To determine whether paranode formation impairment is linked to paranodal protein depletion or hypomyelination, sciatic nerve proteins were extracted at P2 and immunoblotted for neurofascin isoforms, CASPR1, E-cadherin, and neurofilament-200 (Figure 3 and Supplemental Figure 8). In addition, myelination was visualized on semithin nerve cross sections at P2 (Supplemental Figure 8). No overt myelination defects were observed in Nfasc155 IgG4–treated pups on semithin sections. Also, levels of E-cadherin and neurofilament-200 were normal. The levels of neurofascin isoforms were quantified using pan-neurofascin antibodies that recognize both Nfasc186 and the 2 forms of Nfasc155, Nfasc155 high (Nfasc155-H) and low (Nfasc155-L)(33). Nfasc155 level was monitored using an antibody specific to Nfasc155 recognizing both forms (Figure 3). The level of Nfasc186 was unchanged in both control and Nfasc155 IgG4 groups; however, the Nfasc155 level was significantly decreased in the sciatic nerves of anti-Nfasc155 IgG4–treated pups. CASPR1 level appeared normal in the sciatic nerves of the Nfasc155 IgG4 group (Supplemental Figure 8), suggesting that Nfasc155 depletion does not impact the level of the other paranodal proteins. Also, Nfasc155 level was unchanged in the spinal cord, presumably because the blood-brain barrier, which is functional at birth, may have precluded antibody diffusion into the CNS.

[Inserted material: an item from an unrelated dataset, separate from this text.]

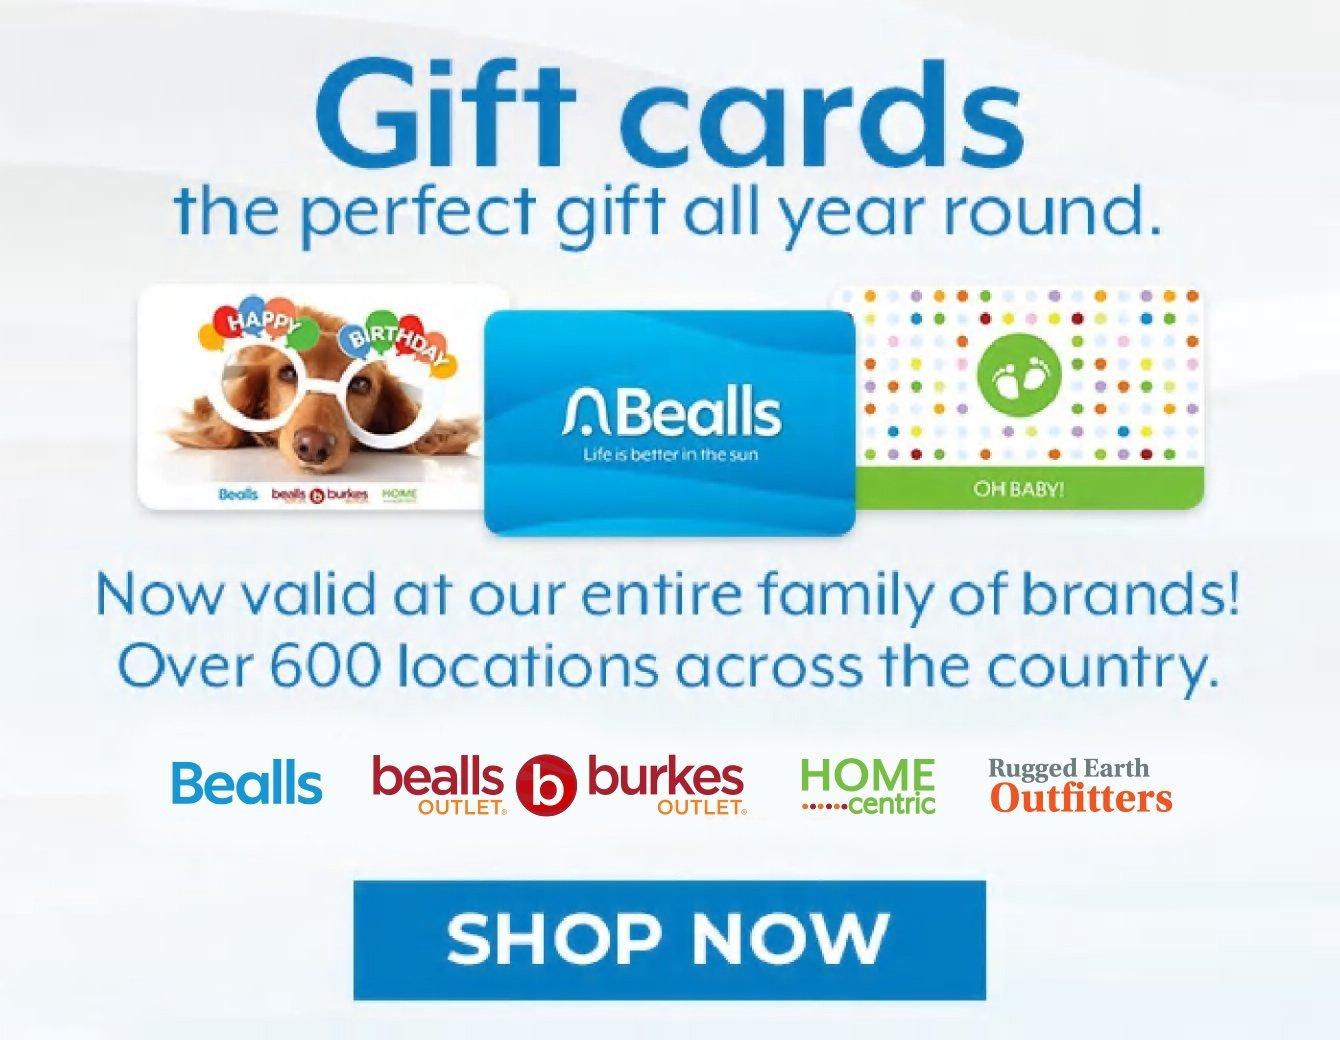 Gift cards - The perfect gift all year round. Use in-store and online. Shop Now

The level of Nfasc155 was also examined in pups treated with anti-Nfasc155 IgG4 at P4 and sacrificed at P6. No significant differences were seen between control and Nfasc155 IgG4 groups (Supplemental Figure 9). The late injection of autoantibodies at P4 thus did not appear to affect paranode stability or Nfasc155 level. This indicated that anti-Nfasc155 IgG4 antibodies do not impact Nfasc155 particles that are stably incorporated at paranodes, but induce their elimination before their stabilization at paranodes. To further confirm this hypothesis, daily i.p. injections of anti-Nfasc155 IgG4 were performed from P0 to P6, and paranode formation was examined at P4 and P6 (Supplemental Figure 10, F–K). The extension of the infusion duration resulted in a significant impairment of paranode formation at P4 and in a significant shortening of paranodal length (Supplemental Figure 10K). By P6, the percentage of Nav clusters flanked by 1 or 2 CASPR1-positive paranodes and the paranodal length were not significantly different from those in control animals. This indicated that a longer antibody infusion time further delayed paranode formation, but could not counteract the massive myelin formation process taking place at P6. In order to determine whether these alterations are associated with a loss of septate-like junctions, an electron microscopic observation was done at P4 when the effects of autoantibodies are important. Despite the young age of the animals, many nodes of Ranvier were observed in both groups of animals. In control animals, numerous septate-like junctions were observed at paranodal loops bordering the nodes of Ranvier (Supplemental Figure 11). By contrast, animals treated with anti-Nfasc155 IgG4 presented important alterations at paranodal regions (Supplemental Figure 11). Some axons completely lacked septate-like junctions at paranodes, whereas others presented paranodal loops with fewer septate-like junctions (Supplemental Figure 11). However, no alterations of the microvilli contacting the nodes of Ranvier were found. Altogether, this indicated that the loss of CASPR1 labeling at paranodes was correlated with a disappearance of septate-like junctions.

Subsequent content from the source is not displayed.